OperationalSemantics: contextual small-step

OperationalSemantics.v

@@ -516,3 +516,126 @@ Qed.
 (* We'll return to these systems and their abstractions in the next few
  * chapters. *)
 
+
+(** * Contextual small-step semantics *)
+
+Inductive context :=
+| Hole
+| CSeq (C : context) (c : cmd).
+
+Inductive plug : context -> cmd -> cmd -> Prop :=
+| PlugHole : forall c, plug Hole c c
+| PlugSeq : forall c C c' c2,
+  plug C c c'
+  -> plug (CSeq C c2) c (Sequence c' c2).
+
+Inductive step0 : valuation * cmd -> valuation * cmd -> Prop :=
+| Step0Assign : forall v x e,
+  step0 (v, Assign x e) (v $+ (x, interp e v), Skip)
+| Step0Seq : forall v c2,
+  step0 (v, Sequence Skip c2) (v, c2)
+| Step0IfTrue : forall v e then_ else_,
+  interp e v <> 0
+  -> step0 (v, If e then_ else_) (v, then_)
+| Step0IfFalse : forall v e then_ else_,
+  interp e v = 0
+  -> step0 (v, If e then_ else_) (v, else_)

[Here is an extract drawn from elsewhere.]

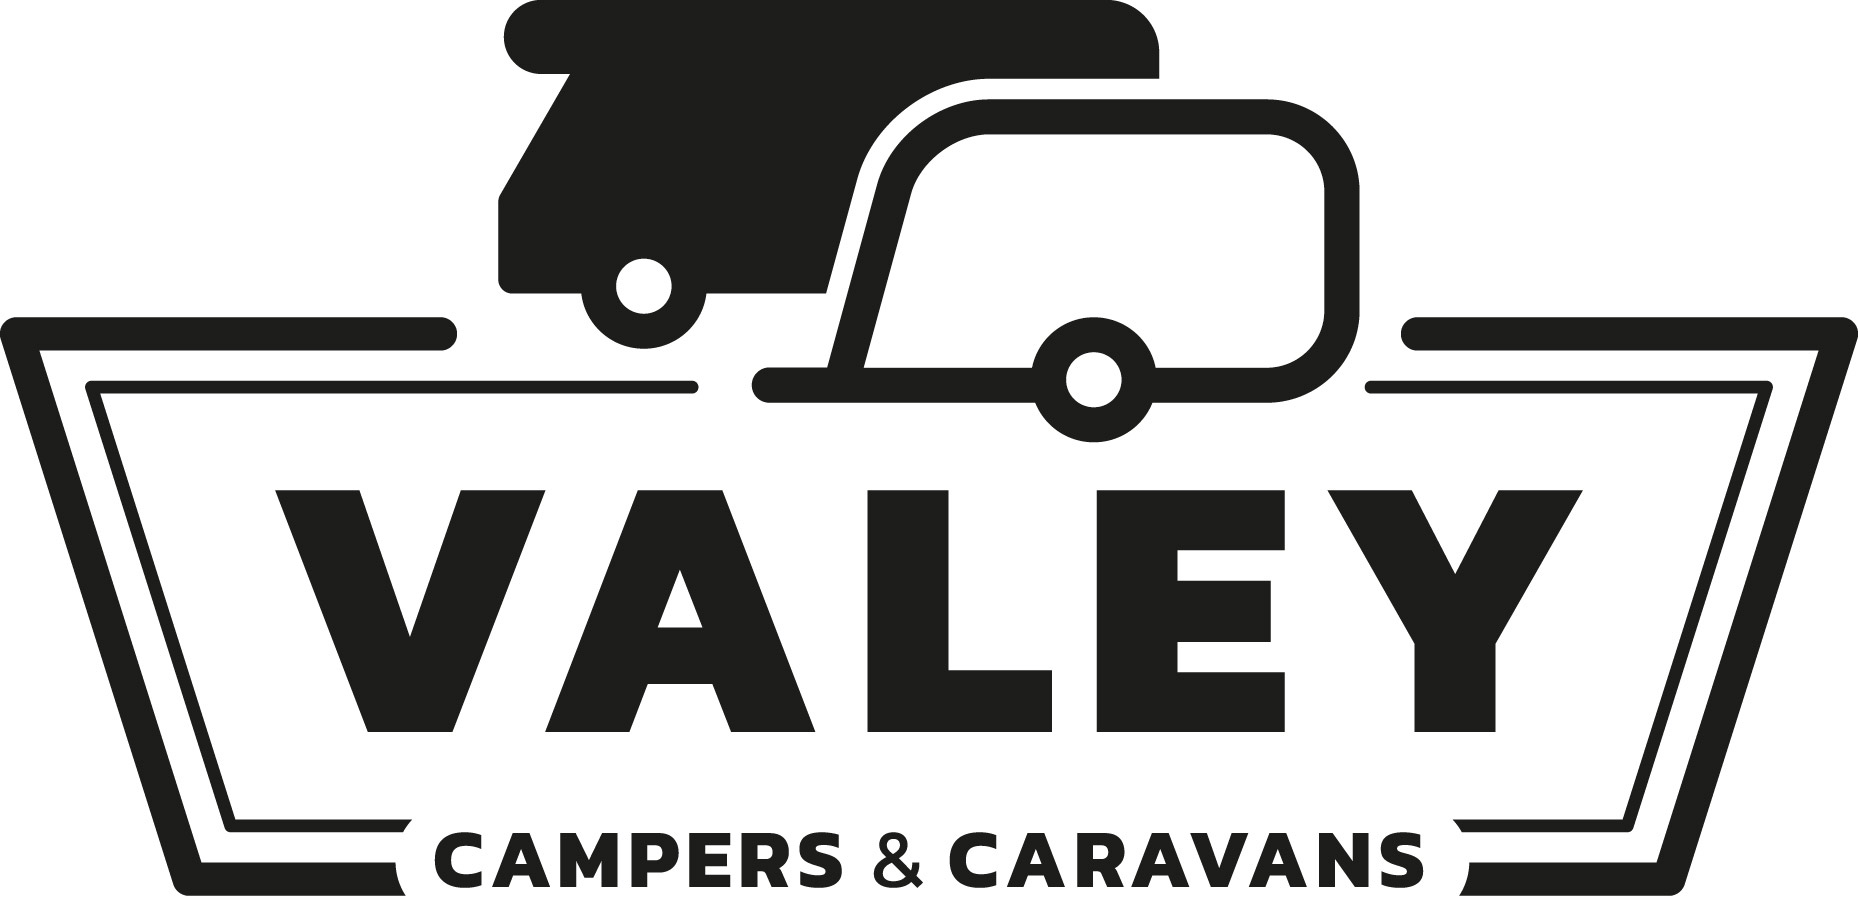 Ontwerp Valey logo

+| Step0WhileTrue : forall v e body,
+  interp e v <> 0
+  -> step0 (v, While e body) (v, Sequence body (While e body))
+| Step0WhileFalse : forall v e body,
+  interp e v = 0
+  -> step0 (v, While e body) (v, Skip).
+
+Inductive cstep : valuation * cmd -> valuation * cmd -> Prop :=
+| CStep : forall C v c v' c' c1 c2,
+  plug C c c1
+  -> step0 (v, c) (v', c')
+  -> plug C c' c2
+  -> cstep (v, c1) (v', c2).
+
+Theorem step_cstep : forall v c v' c',
+  step (v, c) (v', c')
+  -> cstep (v, c) (v', c').
+Proof.
+  induct 1.
+
+  econstructor.
+  constructor.
+  constructor.
+  constructor.
+
+  invert IHstep.
+  econstructor.
+  apply PlugSeq.
+  eassumption.
+  eassumption.
+  constructor.
+  eassumption.
+
+  econstructor.
+  constructor.
+  constructor.
+  constructor.
+
+  econstructor.
+  constructor.
+  constructor.
+  assumption.
+  constructor.
+
+  econstructor.
+  constructor.
+  apply Step0IfFalse.
+  assumption.
+  constructor.
+
+  econstructor.
+  constructor.
+  constructor.
+  assumption.
+  constructor.
+
+  econstructor.
+  constructor.
+  apply Step0WhileFalse.
+  assumption.
+  constructor.
+Qed.
+
+Lemma step0_step : forall v c v' c',
+  step0 (v, c) (v', c')
+  -> step (v, c) (v', c').
+Proof.
+  induct 1; constructor; assumption.
+Qed.
+
+Lemma cstep_step' : forall C c0 c,
+  plug C c0 c
+  -> forall v' c'0 v c', step0 (v, c0) (v', c'0)
+  -> plug C c'0 c'
+  -> step (v, c) (v', c').
+Proof.
+  induct 1; simplify.
+
+  invert H0.
+  apply step0_step.
+  assumption.
+
+  invert H1.
+  econstructor.
+  eapply IHplug.
+  eassumption.
+  assumption.
+Qed.
+
+Theorem cstep_step : forall v c v' c',
+  cstep (v, c) (v', c')
+  -> step (v, c) (v', c').
+Proof.
+  induct 1.
+  eapply cstep_step'.
+  eassumption.
+  eassumption.
+  assumption.
+Qed.